Your assignment → In the records below, which lines include "Shirt"? Copy them.

Data to process →
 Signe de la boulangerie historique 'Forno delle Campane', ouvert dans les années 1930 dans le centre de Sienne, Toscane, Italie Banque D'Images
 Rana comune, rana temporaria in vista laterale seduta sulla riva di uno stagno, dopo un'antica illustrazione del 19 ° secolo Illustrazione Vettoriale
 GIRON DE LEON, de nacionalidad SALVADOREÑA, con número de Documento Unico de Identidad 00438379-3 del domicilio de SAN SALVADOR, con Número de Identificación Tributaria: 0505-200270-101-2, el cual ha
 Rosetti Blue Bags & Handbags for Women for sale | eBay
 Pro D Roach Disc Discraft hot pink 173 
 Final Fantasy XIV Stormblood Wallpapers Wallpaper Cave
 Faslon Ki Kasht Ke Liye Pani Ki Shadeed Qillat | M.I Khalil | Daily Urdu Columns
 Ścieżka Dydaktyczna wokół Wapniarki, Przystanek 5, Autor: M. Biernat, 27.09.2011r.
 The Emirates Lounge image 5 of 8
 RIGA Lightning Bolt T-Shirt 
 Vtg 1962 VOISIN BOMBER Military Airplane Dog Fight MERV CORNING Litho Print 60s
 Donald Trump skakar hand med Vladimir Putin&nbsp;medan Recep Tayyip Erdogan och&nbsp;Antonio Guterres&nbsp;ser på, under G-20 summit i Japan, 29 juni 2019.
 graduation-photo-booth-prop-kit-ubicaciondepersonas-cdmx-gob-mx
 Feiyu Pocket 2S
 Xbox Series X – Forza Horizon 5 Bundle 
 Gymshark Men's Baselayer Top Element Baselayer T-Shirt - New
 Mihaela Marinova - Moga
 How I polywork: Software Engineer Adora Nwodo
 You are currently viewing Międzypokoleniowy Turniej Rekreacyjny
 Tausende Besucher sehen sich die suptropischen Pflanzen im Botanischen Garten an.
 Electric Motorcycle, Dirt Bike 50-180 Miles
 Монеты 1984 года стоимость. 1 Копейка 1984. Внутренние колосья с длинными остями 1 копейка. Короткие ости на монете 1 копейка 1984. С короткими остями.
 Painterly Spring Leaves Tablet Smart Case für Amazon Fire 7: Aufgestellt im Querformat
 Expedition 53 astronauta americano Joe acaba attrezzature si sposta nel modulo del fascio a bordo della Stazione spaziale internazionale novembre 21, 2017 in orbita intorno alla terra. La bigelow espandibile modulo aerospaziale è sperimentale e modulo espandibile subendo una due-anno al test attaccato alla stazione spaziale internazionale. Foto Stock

Output →
 RIGA Lightning Bolt T-Shirt 
 Gymshark Men's Baselayer Top Element Baselayer T-Shirt - New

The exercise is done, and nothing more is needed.